节能门窗的材料性能、热工计算及模拟研究

发布时间：2018-02-14 19:34

本文关键词： 建筑节能门窗热工性能建筑能耗模拟计算　出处：《浙江大学》2013年硕士论文　论文类型：学位论文

【摘要】：门窗作为建筑结构中不可缺少的部件,是室内与室外联系的重要组成部分,同时也是建筑节能中的薄弱环节,通过门窗损失的能量约占建筑围护部件总能耗的40%～50%。因此针对节能门窗材料与各项性能的研究对建筑节能具有重要意义。本文在综合论述了目前我国建筑门窗的发展、研究现状的基础上,从实际检测、理论计算、模拟计算的角度对节能门窗的材料性能、热工理论计算及模拟进行研究,并采用建筑能耗模拟软件,结合门窗热工性能计算结果,研究门窗热工性能对建筑能耗的影响,为节能门窗的研究及应用奠定重要理论基础。
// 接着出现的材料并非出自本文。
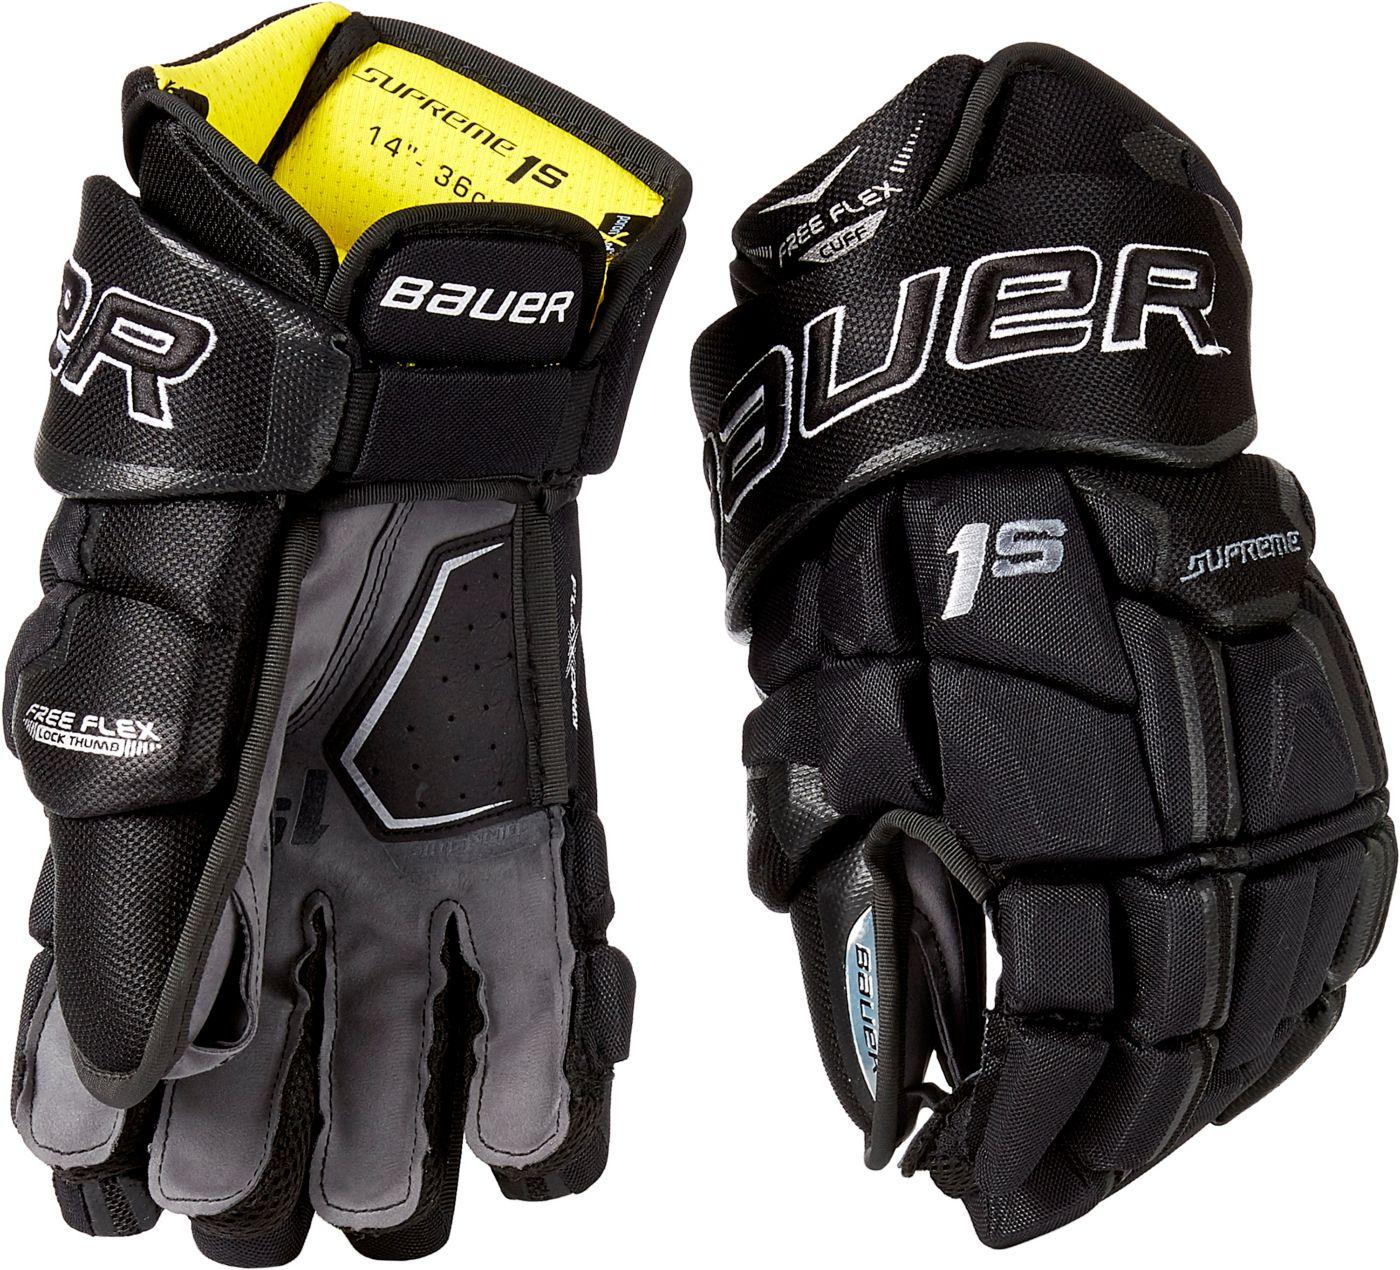 Bauer Junior Supreme 1S Ice Hockey Gloves
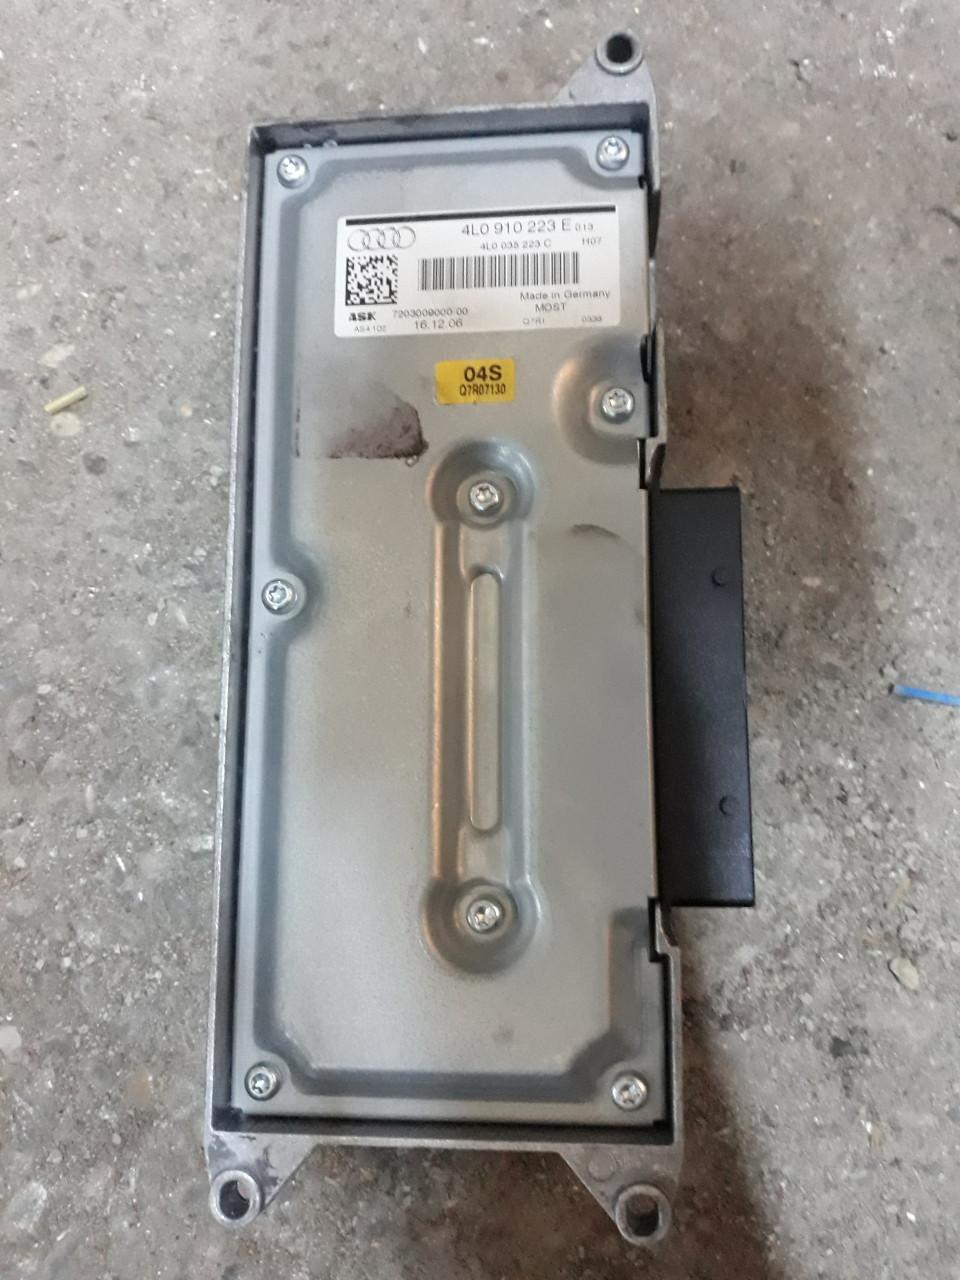 Amplificator auto AUDI Q7 (4L) 2006-2018 4L0910223E

主要研究内容以及结论如下分别对集成松木、集成柞木、集成竹材进行耐候性以及力学性能研究,研究结果显示集成松木、集成柞木与集成竹木在盐雾环境下均易发生严重霉变和膨胀。当集成松木与集成柞木的纹理方向与受力方向一致时,抗弯强度达到最大；集成竹材作为新型门窗材料,抗弯强度优于集成松木,且不受纹理方向影响。制作了纯木节能门窗、断桥铝合金节能门窗、木包铝门窗、铝包木门窗、塑钢门窗等典型节能门窗系列的标准样窗,对其保温性能、水密性、气密性以及抗风压性进行了研究,结果显示各系列节能门窗均有良好的使用性能以及优异的节能保温性能。根据相关标准和算法,计算中空玻璃系统以及整窗系统的传热系数,计算结果表明采用Low-E玻璃以及充入惰性气体,均可使中空玻璃系统传热系数显著降低。填充空气时普通中空玻璃与Low-E中空玻璃传热系数分别为2.70W/(m2·K)和1.86W/(m2·K)；填充氩气时,二者传热系数分别降至2.60W/(m2·K)和1.54W/(m2·K)。玻璃种类与窗框材质均对门窗保温性能具有重要影响。使用THERM和WINDOW软件,对中空玻璃系统、窗框以及整窗热工性能进行模拟计算,研究气体间隔层厚度以及充入惰性气体对中空玻璃传热系数、太阳得热系数以及可见光透过率的影响。计算结果显示气体间隔层厚度以及充入惰性气体对中空玻璃传热系数均有明显影响,对太阳得热系数与可见光透过率影响不大,空气间隔层厚度为12mm时,传热系数最小。对比研究了中空玻璃系统充入空气、氩气、氪气、氙气等条件下,传热系数、太阳得热系数以及可见光透过率的变化规律。几类典型节能门窗传热系数的实际检测、理论计算以及模拟计算结果表明：各种理论及模拟计算的结果与实际检测结果基本一致,为节能门窗的设计提供了重要理论依据。结合门窗模拟结果,利用建筑能耗模拟软件DeST-c,分析了在我国严寒地区、寒冷地区、夏热冬冷地区、温和地区以及夏热冬暖地区气候条件下,建筑模型装配不同材质节能门窗时的制冷能耗、采暖能耗以及全年总能耗。结果表明对于各地区采暖能耗,窗框系统的保温性能发挥更为显著的影响；而玻璃种类对各地区制冷能耗具有更重要的意义。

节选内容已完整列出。